3. It should be stated that the Kronk ordinance was adopted at the same session of the council that passed the resolution of August 9th. They are not in conflict, and should be considered together. In the case of Detroit United Railway v. City of Detroit, 248 U. S. 429 (39 Sup. Ct. 151), the ordinance was attacked on two grounds:
(1) That it impaired the obligation of the company’s existing contracts.
(2) That it was confiscatory, and hence deprived the company of property without due process of law.
The opinion of the court concluded as follows:
“In o.ur view, the allegations of the bill, for the purposes of the demurrer sufficiently alleged violations of the Constitution of the United States, in the action of the city, in passing and enforcing the ordinance in controversy. The district court should have entertained the bill, heard the application for temporary _ injunction, and proceeded to a hearing and determination of the case in due course.”

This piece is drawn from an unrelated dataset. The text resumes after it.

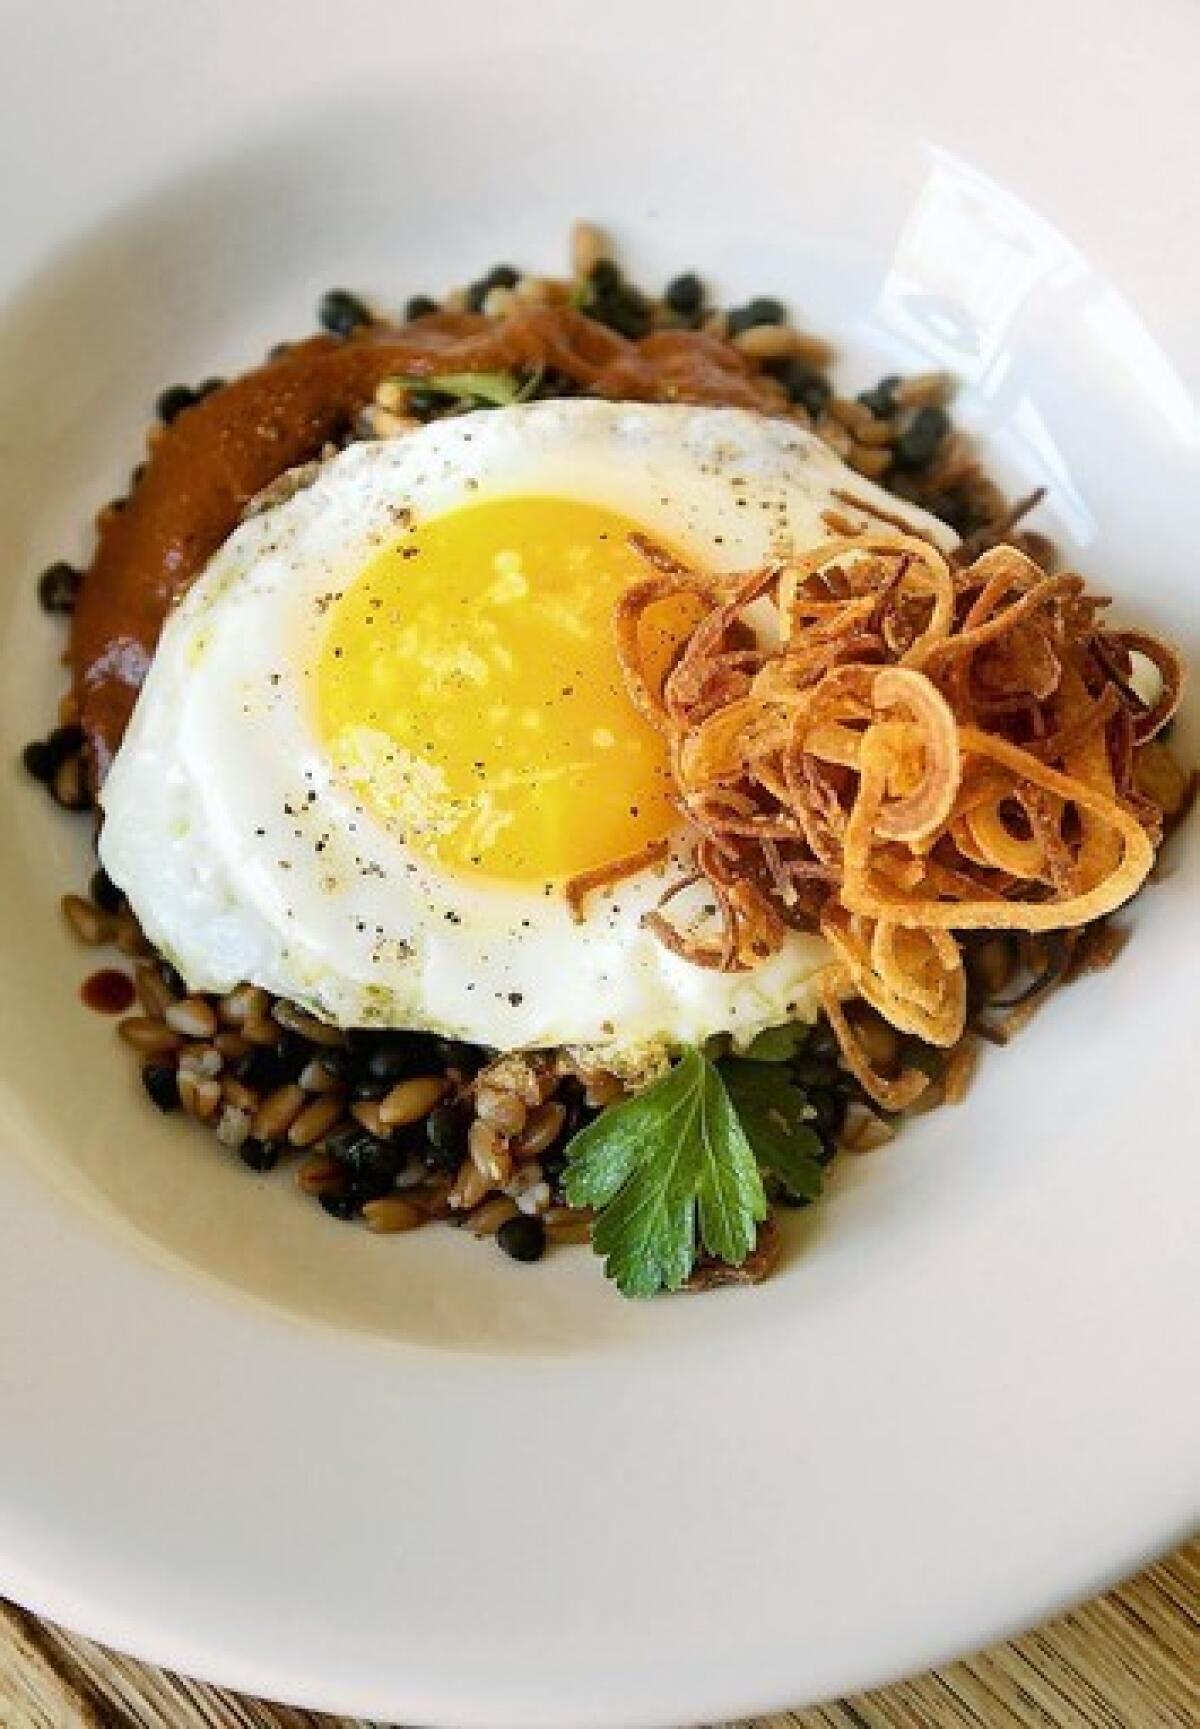 Farro and lentils with fried shallots, harissa and a fried egg are served for brunch at Cortez in Los Angeles.

The case was reversed and remanded. What the result may be upon the hearing does not appear. That may be an additional reason why this case should be heard upon its merits.

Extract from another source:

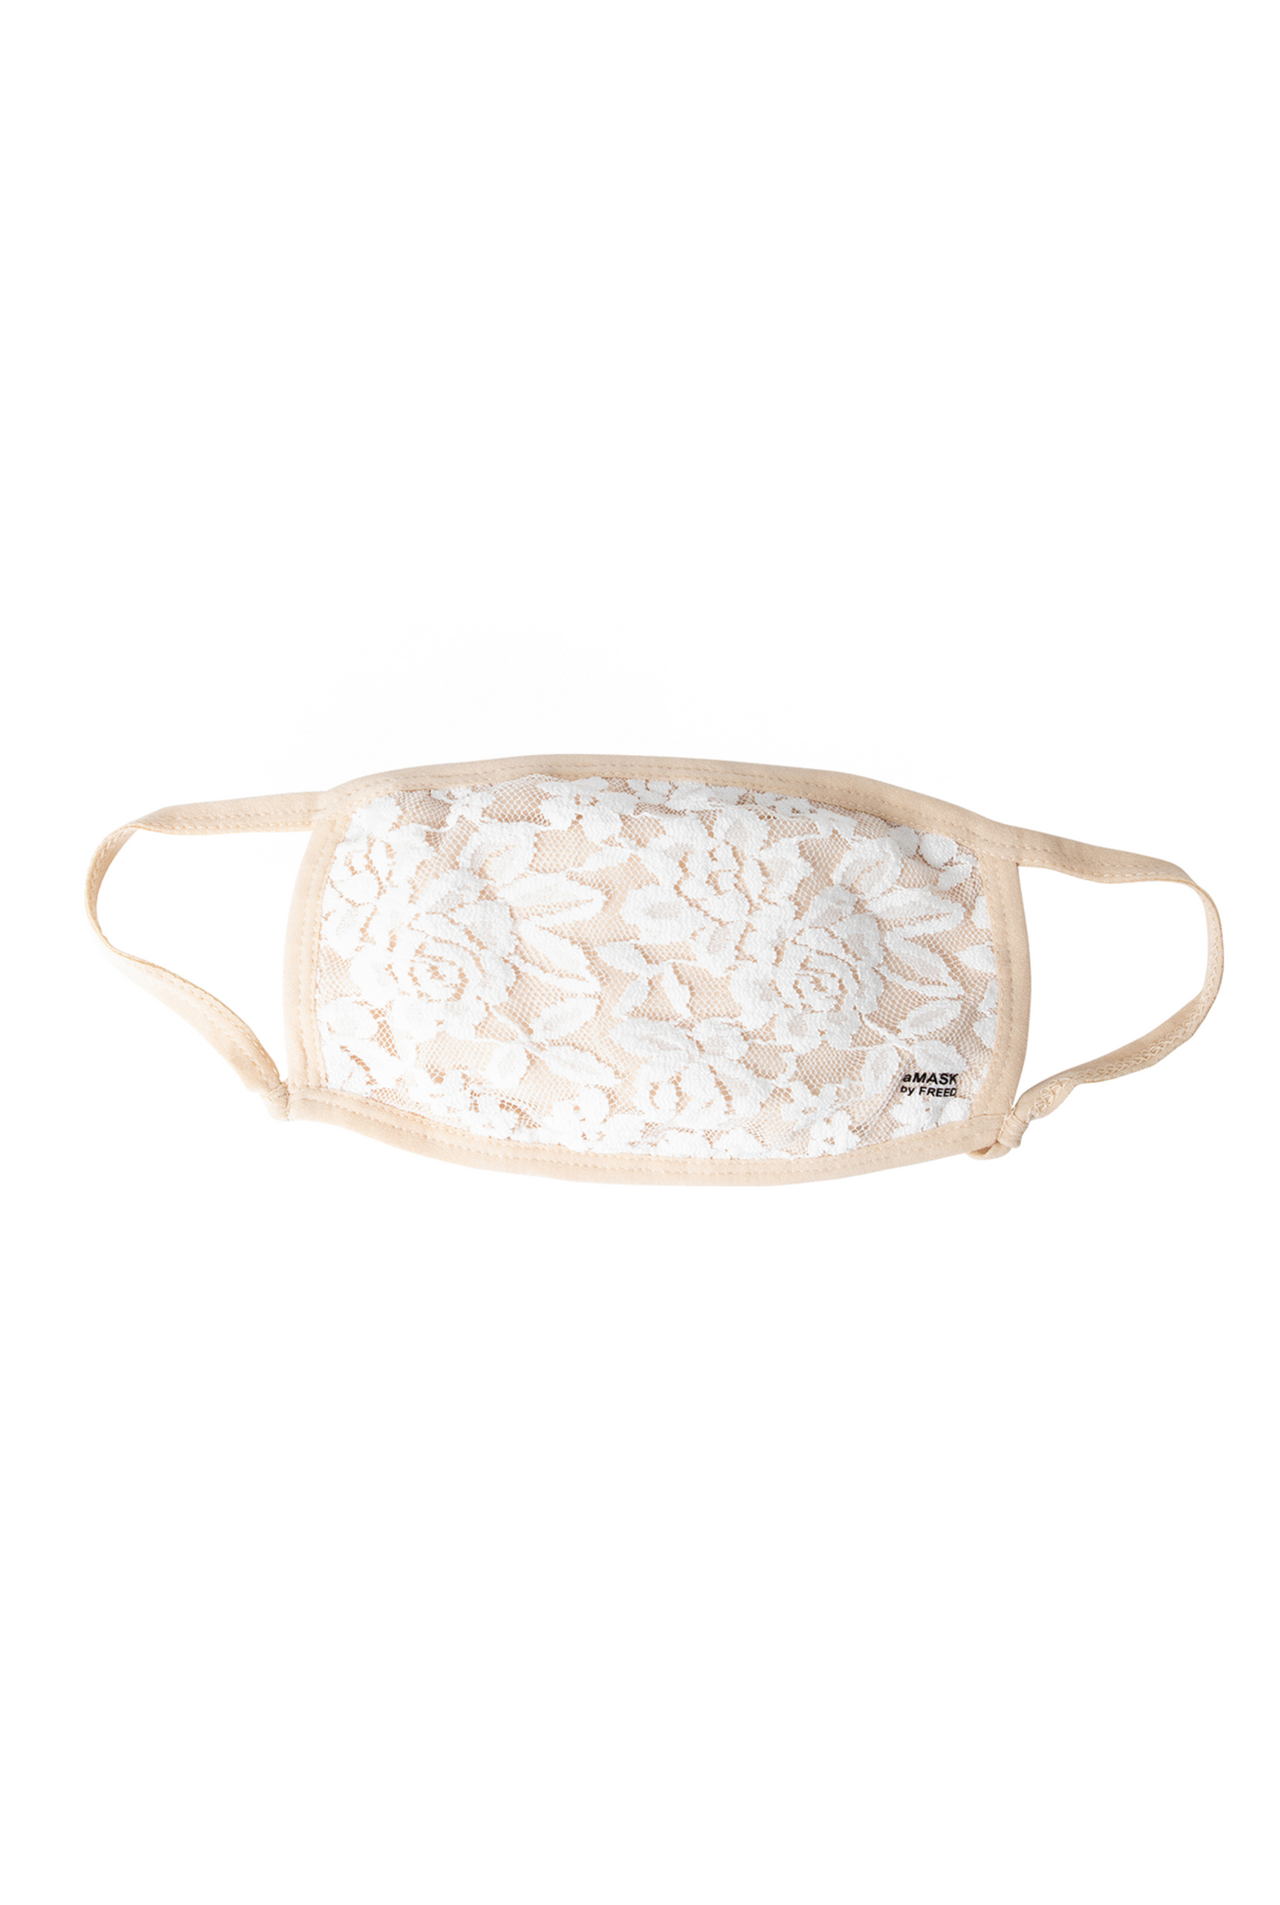 WHEAT MASK WITH WHITE LACE - ADULT FACE MASK

An answer to the argument of defendant’s counsel that under the above Kronk ordinance decision, and the Denver Water Case, 246 U. S. 178 (38 Sup. Ct. 278), new rights were given (which would be inconsistent with an intent to oust the company), is found *412in the more recent decision of the United States Supreme Court in the Municipal Railway Election Case (Detroit United Railway v. City of Detroit) decided February 28, 1921, and reported in U. S. Adv. Ops. 1920-21, 356 (41 Sup. Ct. 285). In that case Mr. Justice Day, speaking for the court, said:
“Rights to remain in the streets are also claimed under the so-called Kronk ordinance, which was before this court in Detroit United Railway v. City of Detroit, 248 U. S. 429 (39 Sup. Ct. 151), in which this court, while re-affirming the principles laid down in Detroit United Railway Co. v. Detroit, 229 U. S. 39 (33 Sup. Ct. 697), found that the city had not up to that time availed itself of the right to compel the removal of the tracks in streets where the company had no franchise, but had passed,an ordinance' looking to the continued operation by the company of the street railway system for a limited period; and, that while it acted under this ordinance there was the equivalent of a grant to operate during its life, entitling it to a fair return; that the ordinance by its express terms provided for its amendment, or repeal, and, that unless amended or repealed it should remain in force for the period of one year. We do not perceive how that ordinance can now give rights to the company in the streets where the franchises have expired.”
In our opinion the motion to dismiss was properly denied, and' the order denying the motion is affirmed, with costs to the plaintiff.
Steere, C. J., and Moore, Wiest, Fellows, Clark,Bird, and Sharpe, JJ., concurred.